In early October 2010, the CEO and CFO of MultiTech met and developed revised projections for fiscal 2010, based on actual results for the first three quarters of the year and projections for the final quarter. Their revised projections for 2010 follow:
|
Sales |
$38,000 |
|
Cost of Goods Sold |
(30,500) |
|
Gross Margin |
$ 7,500 |
|
Operating expenses |
(4,000) |
|
Operating income |
$ 3,500 |
Upon reviewing these numbers, the CEO turned to the CFO and stated, “I think the
market will be forgiving if we come in 5 percent light on the top line (sales), but if we
miss operating income by 12.5 percent ($500 ÷ $4,000) our stock is going to get hammered
when we announce fourth quarter and annual results.”
The CFO mulled the situation over for a couple of days and started to develop a strategy to increase reported income by increasing production above planned levels. She believed this strategy could successfully move $500 million from Cost of Goods Sold to Finished Goods Inventory. If so, the firm could meet its early profit projections.

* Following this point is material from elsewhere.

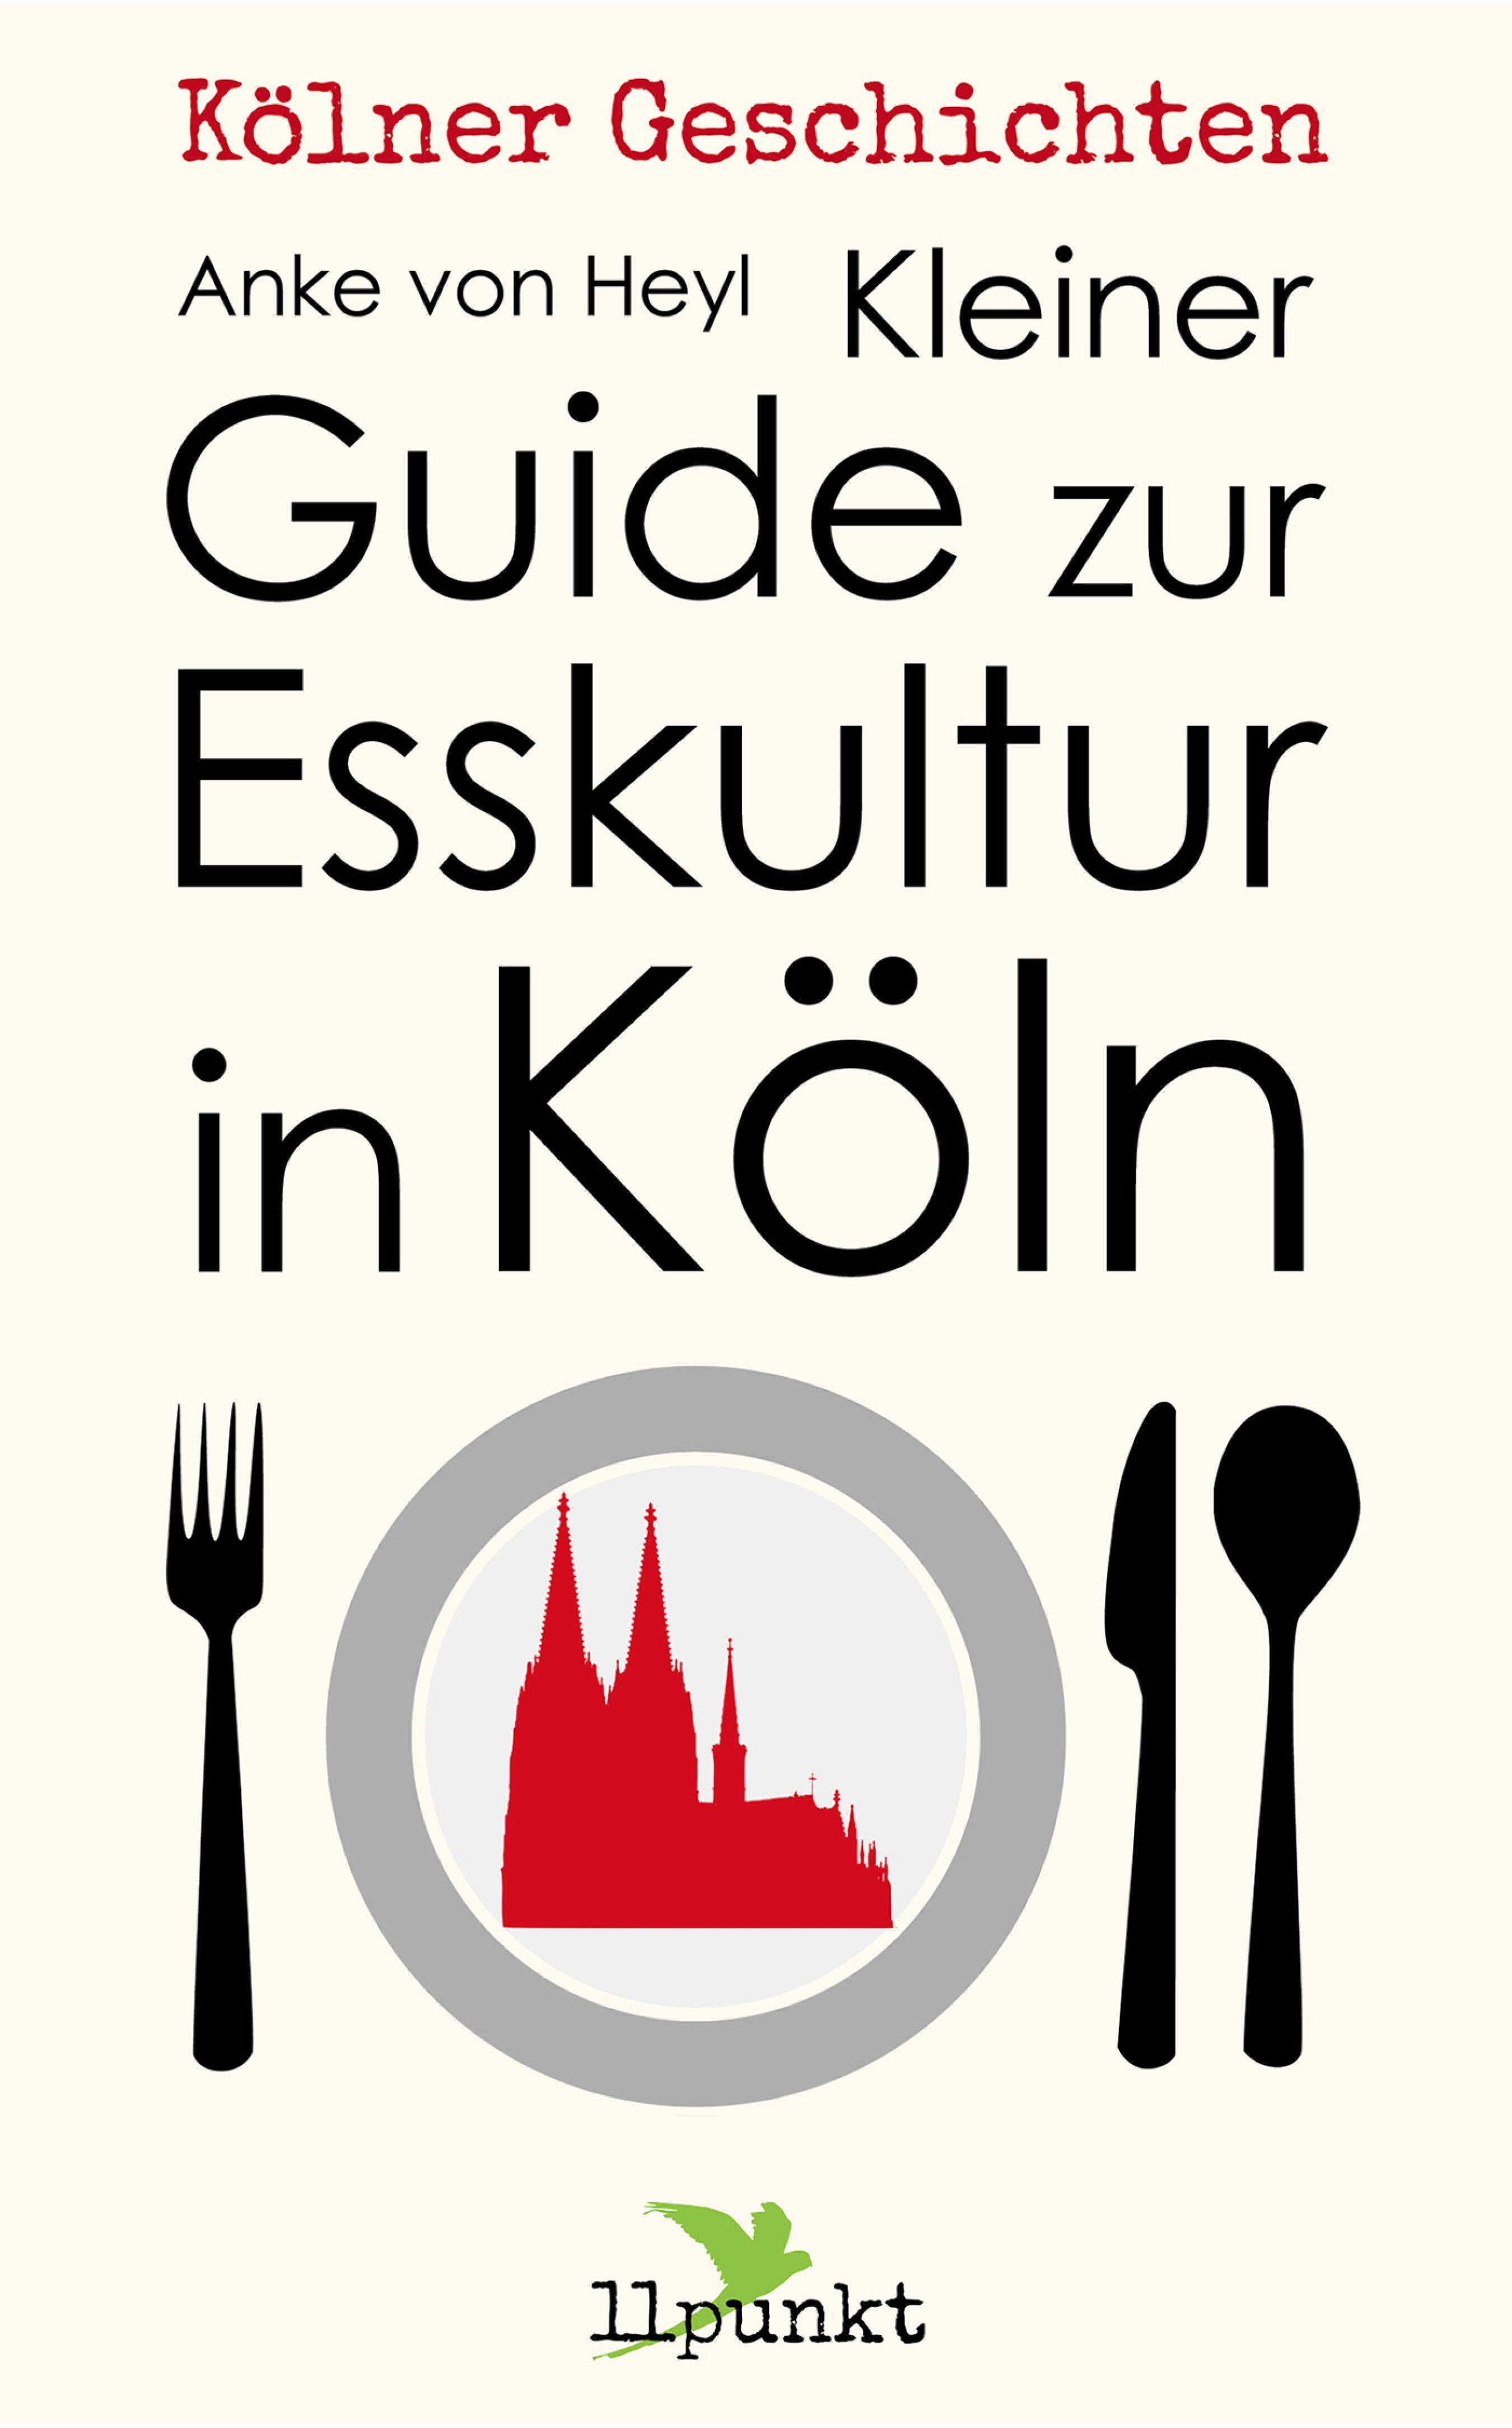 Anke von Heyl Kleiner Guide zur Esskultur in Köln

a. How does increasing production, relative to the planned level of production, decrease
Cost of Goods Sold?
b. What other accounts are likely to be affected by a strategy of increasing production to increase income?
c. Is the CFO’s plan ethical? Explain.
d. If you were a stockholder of MultiTech and carefully examined the 2010 financial statements, how might you detect the results of the CFO’s strategy?